At a recent panel hosted by the Heritage Foundation, EdChoice president Robert Enlow recalled what the renowned founder of his think tank – economist Milton Friedman – told him:
Milton Friedman said it to me directly a million times: “The only thing that worries me about school choice is government intervention.” The only thing that worries me about a federal tax credit program is government intervention, because we have to be very, very cognizant about the rules and regulations that will be brought out to bear on non-profits around the country.
Enlow added that while a big influx of federal cash could help low-income kids get out of failing schools – the goal repeatedly emphasized by DeVos – the potential federal regulations attached to the funding could extend to many issues, including the hiring and firing policies of non-profits.
“When the government begins to regulate the participating private schools, the schools will lose their independence and inevitably become more and more like the public schools that parents are trying to flee,” write Robbins and McGroarty, adding:
Clark’s question illustrates one area of concern. Inevitably, a Christian school’s desire to adhere to biblical teachings about sex and marriage will be deemed “discriminatory” by the new government masters, and the school will be required to change its doctrine if it wants to keep the money flowing.

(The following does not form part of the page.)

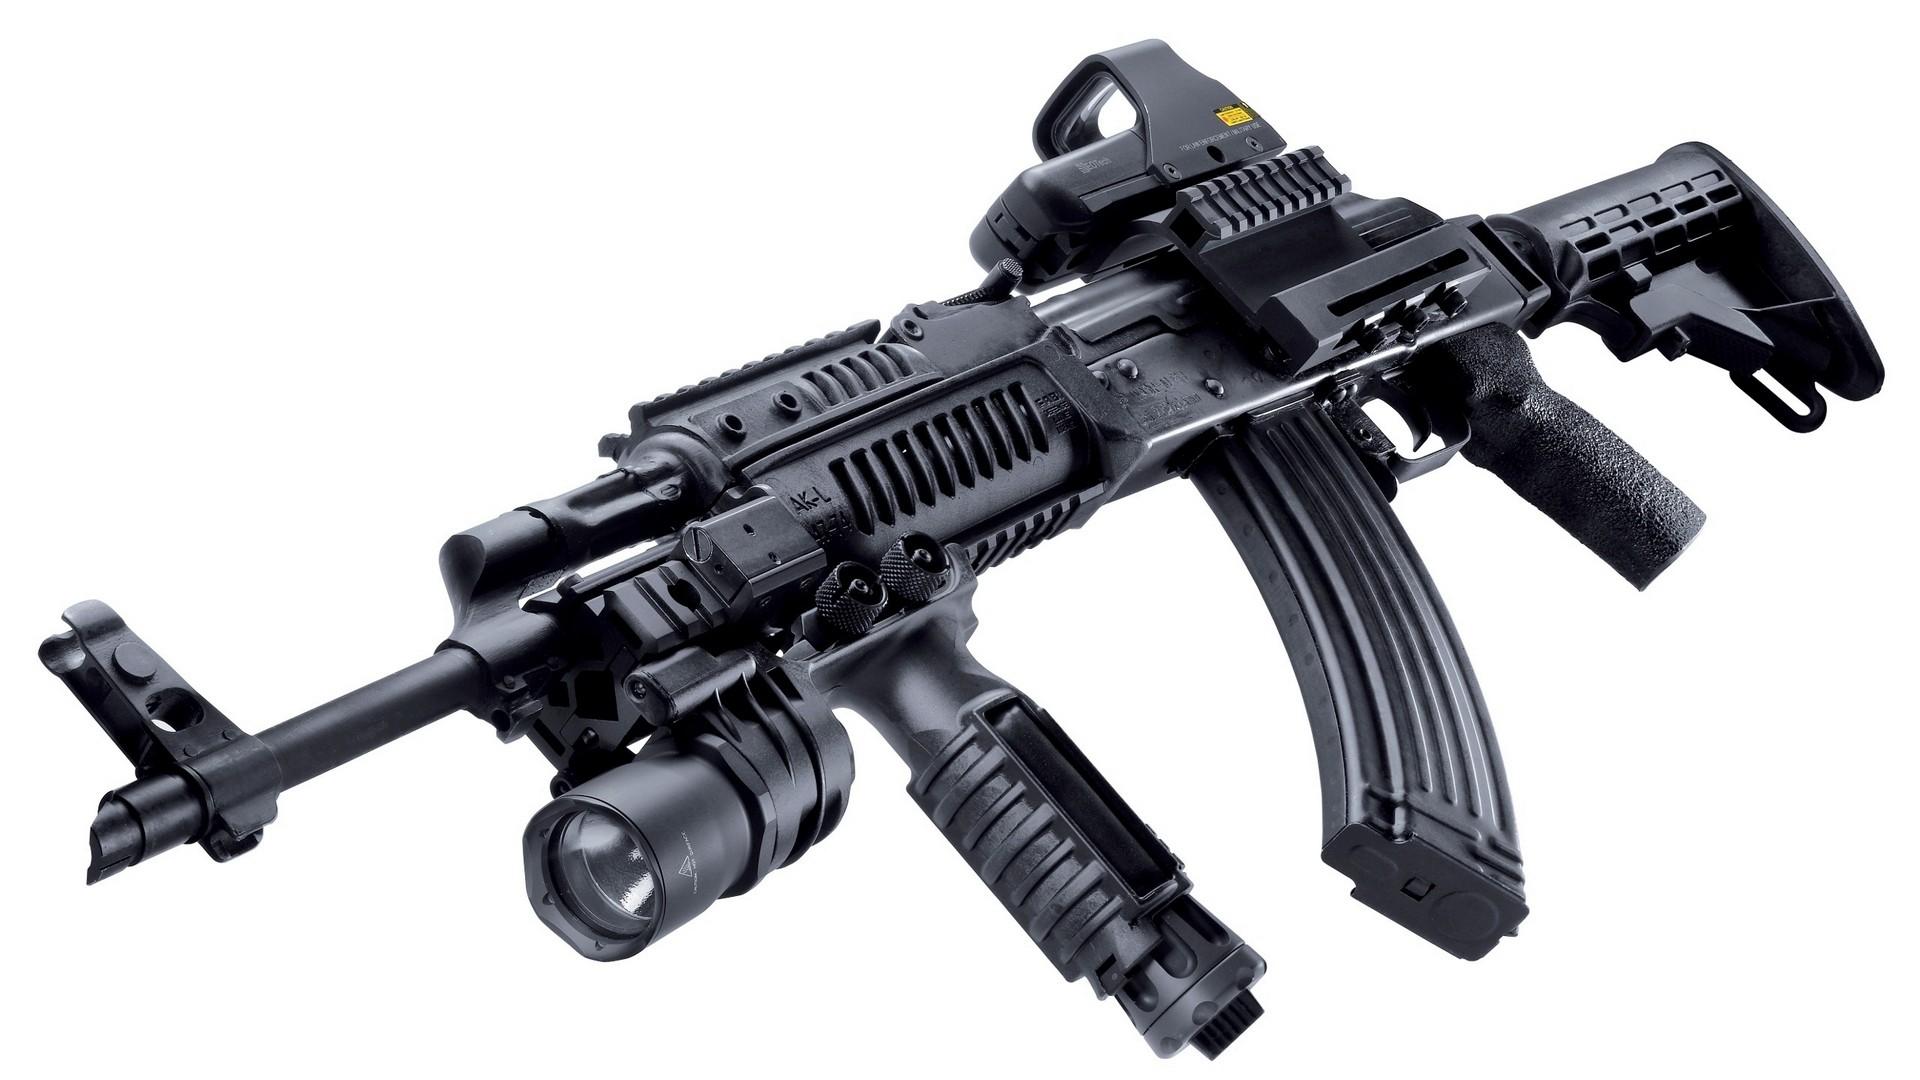 Download Machine Gun Wallpaper 1920x1080 Wallpoper 349933 1920x1080

The tense exchange between Clark and DeVos may have underscored the thinking behind the secretary’s apparent decision last week not to announce a federal school choice program at her address to the organization she founded – the American Federation for Children.
The secretary said instead that, while she insists states who choose not to participate in school choice programs would be making a “terrible mistake,” ultimately she acknowledged that final decision rests with the states.
“No two states are the same and no two states’ approaches will be the same – and that’s a good thing,” DeVos asserted. “States are the best laboratories of our democracy.”
Joy Pullmann, writing at The Federalist, says DeVos’s decision at the last minute to refrain from announcing a federal school choice program showed some “wisdom”:
Democrats are now openly admitting that they will consider any such program to promote bigotry if it enables students to access schools that uphold the orthodox teachings of all three major Western religions regarding sexual ethics. Notice how this also reduces education to political correctness programming; if boys can’t claim to be girls in a given school, it somehow automatically invalidates their science and math and history curricula.
Pullmann aptly observes that since 79 percent of private schools in the country are religious, “any ‘choice’ program that complies with Clark’s litmus test will both preclude the vast majority of potential options and pressure those options to become more like the public schools parents would have to want to leave to use the program at all.”
She points to the situation of Indiana’s state school voucher program and the “strings” attached to vouchers that have forced many “choice” schools into Common Core and its aligned testing program.
“In the hands of bureaucrats, ‘choice’ is a giant homogenizer,” Pullmann notes.
In a Trump administration, school choice could be largely a state-run system, but with progressives in charge, a whole new level of control over children, in the name of social justice, may be realized through the federal dollars pipeline.
“Creating a program that can reach from the federal level into virtually every public and private school in the nation is only building a weapon aimed directly at American schools’ curricular and philosophical diversity,” Pullmann says. “That’s no choice.”